Senator and Democratic Presidential hopeful Bernie Sanders (I-VT) has proposed an ambitious financial transactions tax (FTT) to finance his plan for the federal government to pay off existing college debt and make future public college education free. The tax raises three important questions:
· Would it raise the revenue he thinks it will?
· What would it accomplish?
· Who would pay the tax?
This is not the first time Sanders has proposed an FTT. He offered a similar idea as a presidential hopeful in 2016. Then, he would have used the tax as part of a package to finance some of his domestic agenda that included free college and universal free health care.
His latest proposal would tax stock trades at 0.5 percent (50 basis points) and bond trades at 0.1 percent (10 basis points). Derivatives transactions would be taxed at 0.005 percent (5 basis points). That would be significantly higher than the .002 transaction fee the Securities & Exchange Commission currently imposes on trades.
Sanders also would create an income tax credit intended to fully offset the average burden of the tax for individuals with incomes of less than $50,000 ($75,000 for married couples). Sanders estimates his FTT would raise $2.4 trillion over 10 years, which he says is enough to finance his current student debt plan.
Would it raise that much?
When TPC analyzed Sanders’s 2016 version (and this one seems largely the same), it concluded the Sanders FTT would generate far less than his supporters claimed. At that time, Sanders estimated his tax would raise about $3 trillion over a decade while TPC concluded it would generate only about $400 billion.
While Sanders may have changed a few details and TPC has yet to model his latest version, the same intuition applies. TPC identified two issues that suggest the FTT would generate less revenue than Sanders says.

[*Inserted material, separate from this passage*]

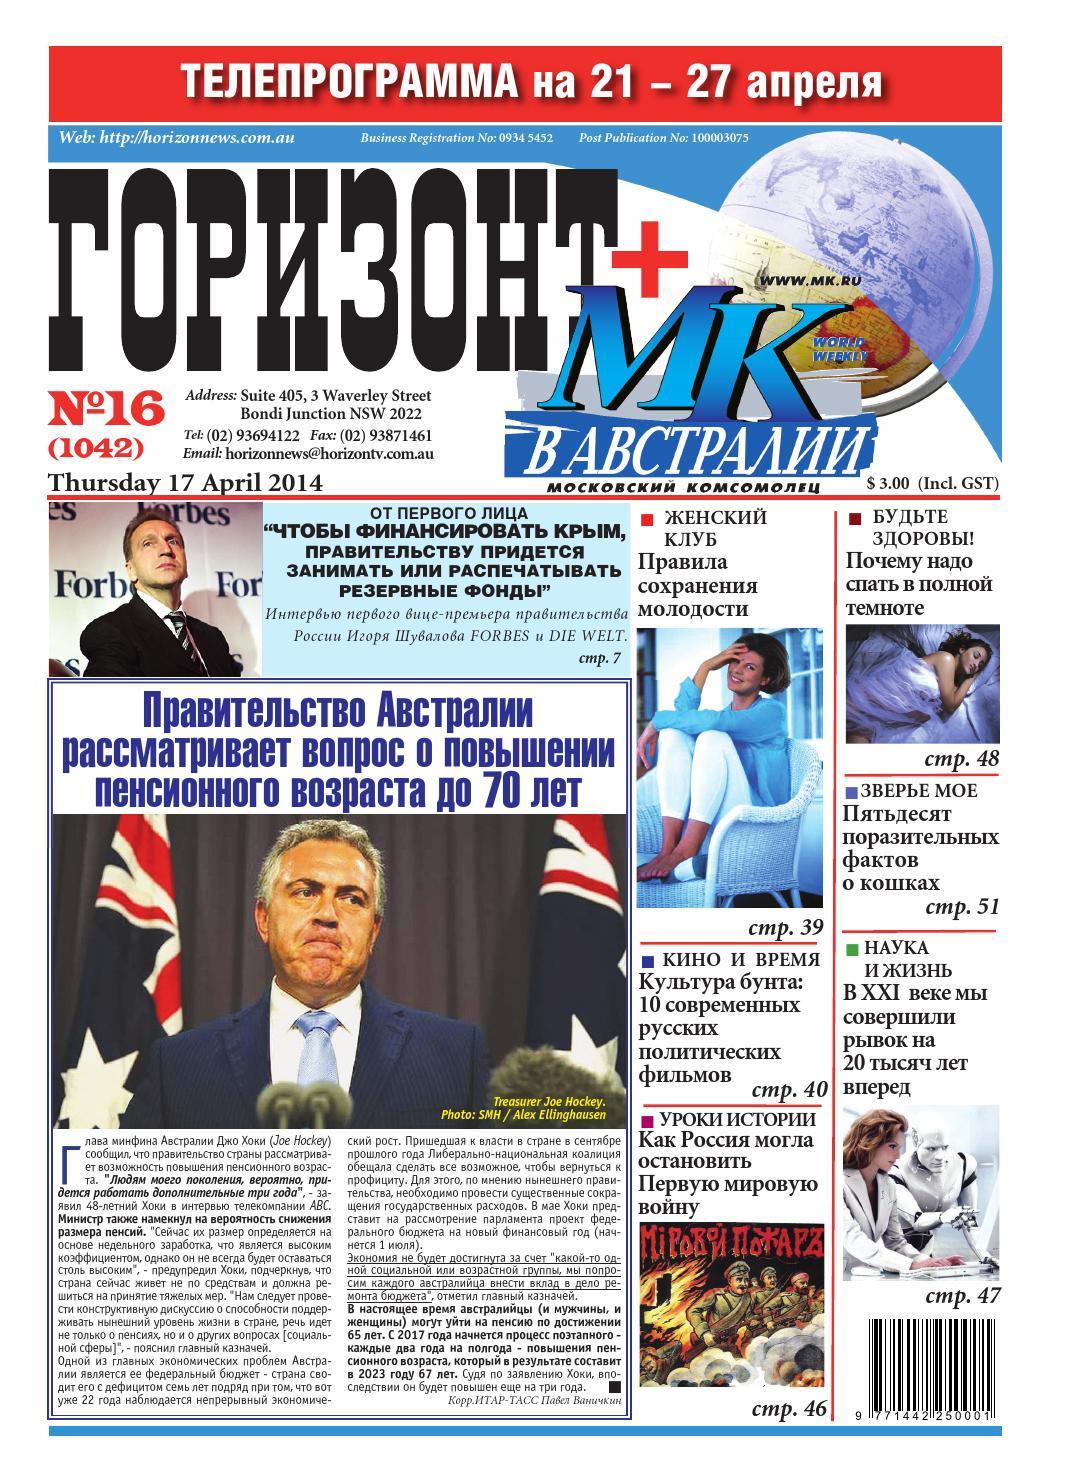 Mail. Ru: почта, поиск в интернете, новости, игры | видео чат анита.

First, the larger estimate overstates the dollar amount of derivatives transactions. Second, a tax of the size Sanders proposes likely would change investor behavior. TPC figured a 0.5 percent tax would reduce the volume of equity trades subject to the tax by 85 percent, reducing revenue from both the FTT and from taxes on realized capital gains.
Investors (especially sophisticated institutional traders) could move to lower-taxed overseas markets or simply trade less. Here is a detailed explanation of how the TPC and Sanders estimates differed in 2016.
Of course, today’s estimates would be somewhat different from 2016, both because Sanders has changed some details of his plan and because a new estimate would focus on the years 2020-2029 instead of 2017-2026.
However, more recent evidence also points to lower revenue from substantial FTTs. For example, the European Union has been struggling to create its own FTT and its latest projections suggest the levy would generate much less revenue than earlier projections. In 2013, the EU projected the tax would raise between €30 and €35 billion annually. The latest estimate based on France’s actual experience with an FTT: €3.45 billion. The EU has been trying to adopt an FTT since 2011 but continues to struggle to agree on details.
What would Sanders’s FTT accomplish?
He seems to have three goals that may be, at least in part, inconsistent. He wants to raise a lot of money to pay for his free college program. He wants to discourage speculation (although one investor’s speculation is another’s investment). And he wants to punish Wall Street for the excesses he says caused the Great Recession.
The problem, of course, is that the more he discourages trading, the less revenue his tax will collect. For example, Sanders wants to end computer-driven high frequency trading. These trades now account for roughly half all stock market volume, yet critics argue they do little or nothing to improve market liquidity or price discovery.
Because high-frequency traders live by arbitraging tiny spreads in stock prices, the Sanders FTT would put them out of business. But shutting down the flash boys would slash the revenue Sanders needs to pay for free college.
Who would pay the tax?
Sanders is unequivocal. In his statement describing the bill, he said the levy “targets Wall Street investment houses, hedge funds, and other speculators.”
But his FTT taxes transactions, not banks. At least in the short run, much of the tax would be passed on to investors, reversing a decades-long trend of lowering trading costs. Before 1975, investors paid commissions of as much as 1 percent of the value of a trade. Plus they had to bear the cost of the artificially high spreads brokers maintained between the price at which they bought a stock and the price at which they sold it. Now, for retail investors those spreads have narrowed to pennies and commissions generally range from $1 to $5 per transaction.
Thanks to lower transaction costs, the rise of investment vehicles such as mutual funds and exchange-traded funds (ETFs), and the growth of 401(k)s and IRAs, middle-income households have been able to enjoy some of the benefits of investing in the stock market.
But under the Sanders FTT, someone who buys $10,000 in mutual fund shares would pay a tax of $50—a 10-fold increase in transaction costs. That will discourage trading, though by how much is an open question.
An FTT has merits. But its ability to raise revenue is limited because trading will decline and perhaps migrate to markets not subject to the tax. Whatever its benefits, the Sanders version is not likely to raise enough money to pay for his ambitious education agenda.